マウスの脊髄損傷のモデルとしての光血栓誘発性局所虚血

Photothrombosis is a minimally invasive and highly reproducible procedure to induce focal ischemia in the spinal cord and serves as a model of spinal cord injury in mice.

Spinal cord injury (SCI) is a devastating clinical condition causing permanent changes in sensorimotor and autonomic functions of the spinal cord (SC) below the site of injury. The secondary ischemia that develops following the initial mechanical insult is a serious complication of the SCI and severely impairs the function and viability of surviving neuronal and non-neuronal cells in the SC. In addition, ischemia is also responsible for the growth of lesion during chronic phase of injury and interferes with the cellular repair and healing processes.
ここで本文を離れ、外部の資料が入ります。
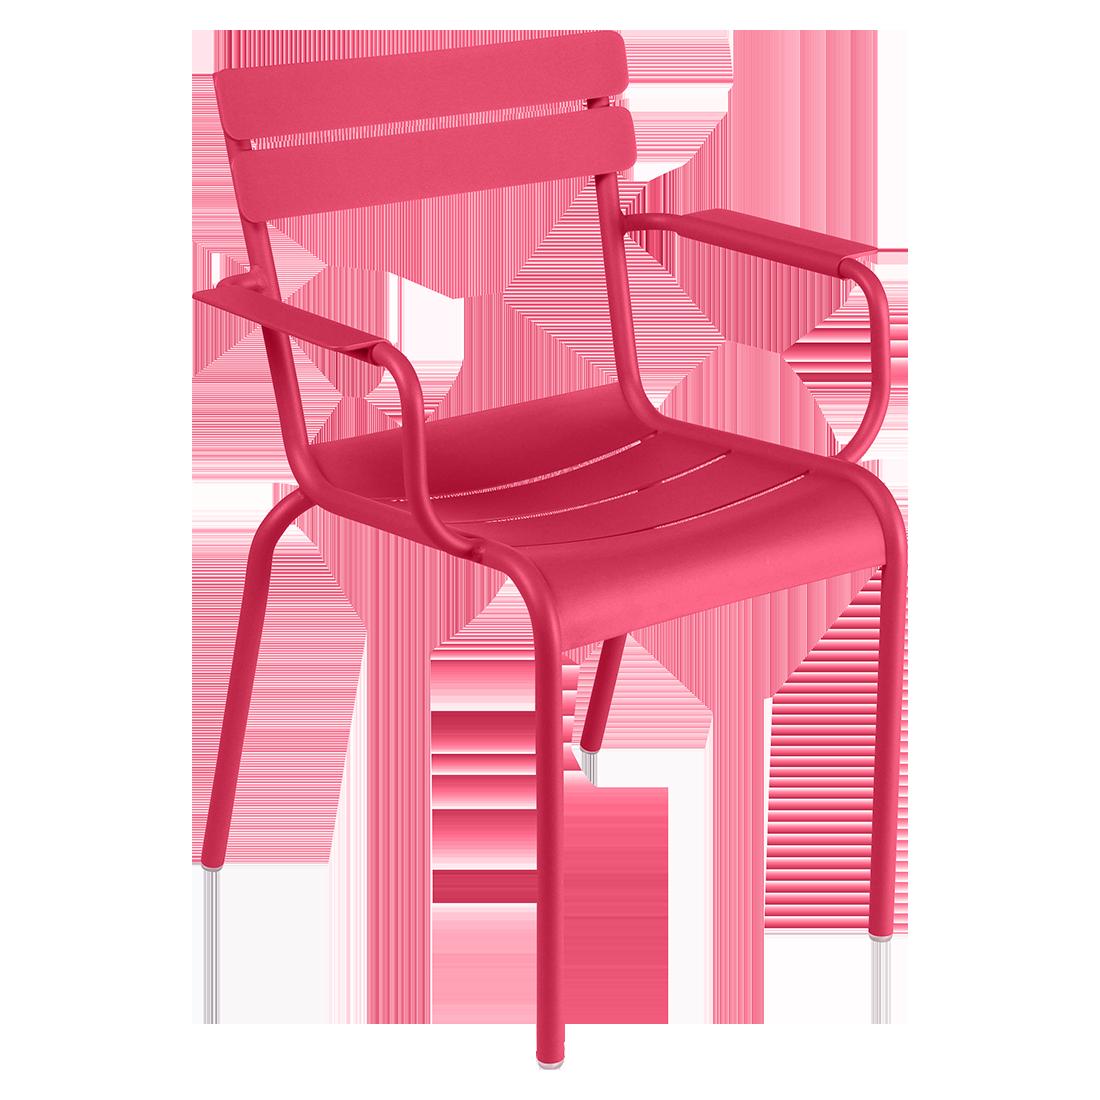 chaise metal, chaise fermob, chaise de jardin, chaise rose, chaise avec accoudoir

Thus there is a need to develop a spinal cord ischemia model for studying the mechanisms of ischemia-induced pathology. Focal ischemia induced by photothrombosis (PT) is a minimally invasive and very well established procedure used to investigate the pathology of ischemia-induced cell death in the brain. Here, we describe the use of PT to induce an ischemic lesion in the spinal cord of mice. Following retro-orbital sinus injection of Rose Bengal, the posterior spinal vein and other capillaries on the dorsal surface of SC were irradiated with a green light resulting in the formation of a thrombus and thus ischemia in the affected region. Results from histology and immunochemistry studies show that PT-induced ischemia caused spinal cord infarction, loss of neurons and reactive gliosis. Using this technique a highly reproducible and relatively easy model of SCI in mice can be achieved that would serve the purpose of scientific investigations into the mechanisms of ischemia induced cell death as well as the efficacy of neuroprotective drugs. This model will also allow exploration of the pathological changes that occur following SCI in live mice like axonal degeneration and regeneration, neuronal and astrocytic Ca²⁺ signaling using two-photon microscopy.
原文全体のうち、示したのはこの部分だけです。